Salt pan

Finally after 2 hard days of slogging the sandy desert plains I have been spat out of the valley along the Arivalli Mountains and in front of me lies a massive salt lake, shimmering in the dessert. There is a constant drone of labouring tractor engines as they drag over laden trailers of salt across the open dry pan. Little shapes shimmer in the distant haze. Trails of dust slowly drift and hang across the pan like jet streams as rows of tractors enter the desert in search of their next load of salt. I had hit the pan dead centre, a slight miscalculation, which now meant a whole day’s run to get around the lake. By some chance, Nick was doing a navigation recheck and found a small thread of a road leading across the centre of the lake. On further investigation, he found that this road had been build to extract salt in the dry season – what a stroke of good fortune.

It was quite a run through the little salt lake village, its twisty roads buzzing with camels, tractors and vans all carrying salt. There was a fine salty dust that was hanging in the air that I was breathing in, you could taste and smell the salt as you breathed as well as been coated with a fine layer of salt. Finally through the town, I followed a few camels and picked up the road heading into the centre of the lake. Initially I was running with the lake on each side of this track, then suddenly it all dried up, it seemed to retract into the haze beyond, rolled back like a massive pool of mercury and just disappeared into the sand.

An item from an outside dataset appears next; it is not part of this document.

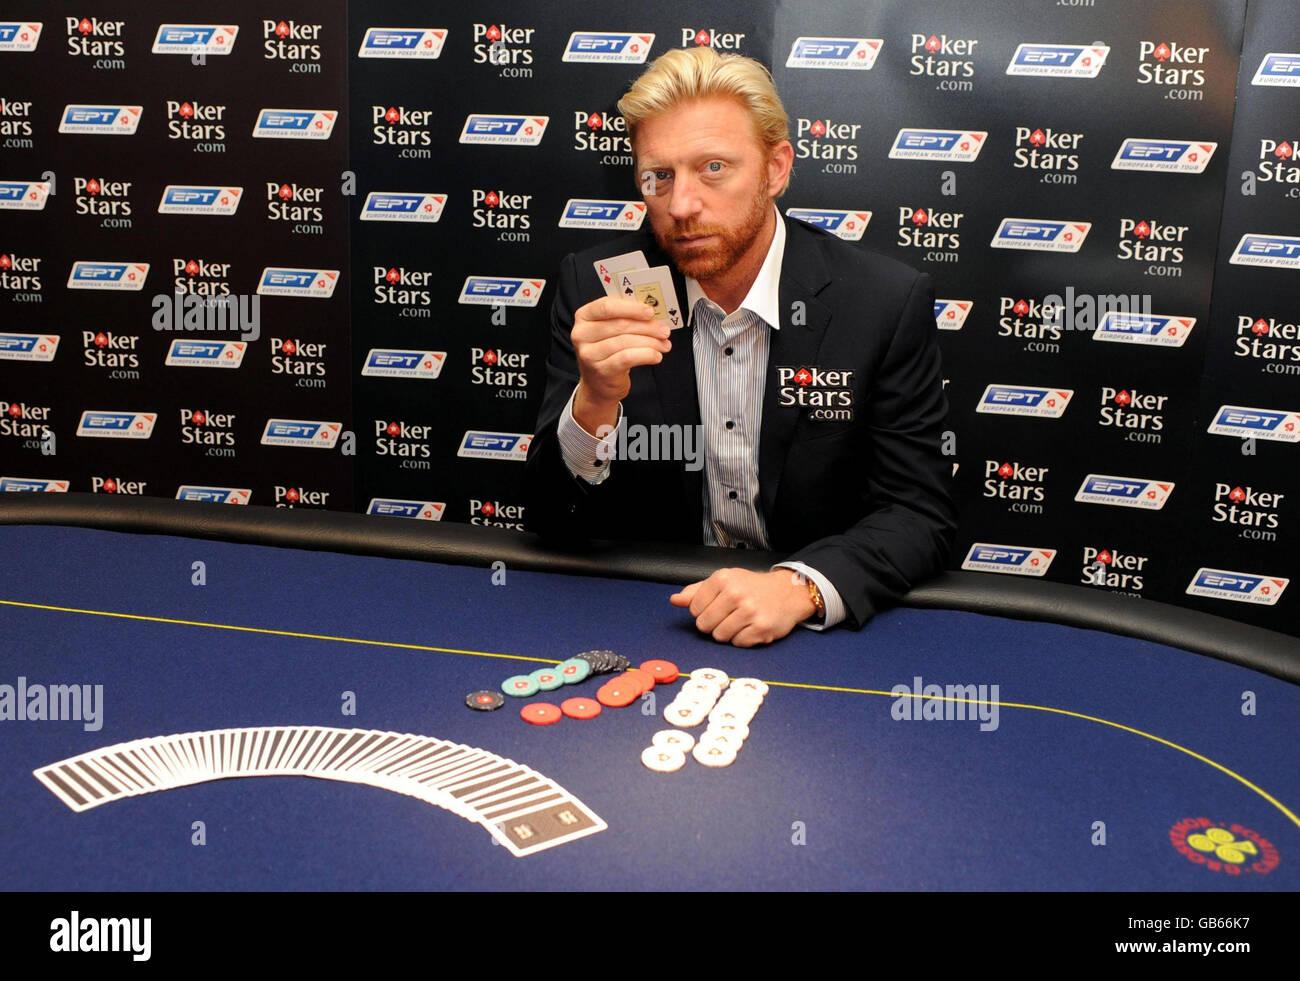 Boris Becker Launches The Pokerstars Com European Poker Tour London Stock Photo Alamy

Ahead of me lay this open span of sand as far as I could see. The road disappeared as the track seemed to fray out, each taking its own direction into nothingness. There I stood, from left to right there was nothing but sand, the horizon had rounded and fused with the dessert, all was now one. Slowly as I ran out into the dessert, the salty crust seemed to have puffed up as the water had evaporated and it had dried leaving this salty crust. Each step my shoe would break through the crust and crunching through it until it hit the desert sand below. A small vortex of dust would puff up through the broken crust and envelop my shoe. Crunch, crunch, crunch, on I ran into the void of nothing. There was this absolute silence around me. There was nothing, nothing to look at nothing to hear, just the crunch below me, the sound of my breath, as I slowly gilded out, I felt for the first time if I carried on running I was going to run over the edge.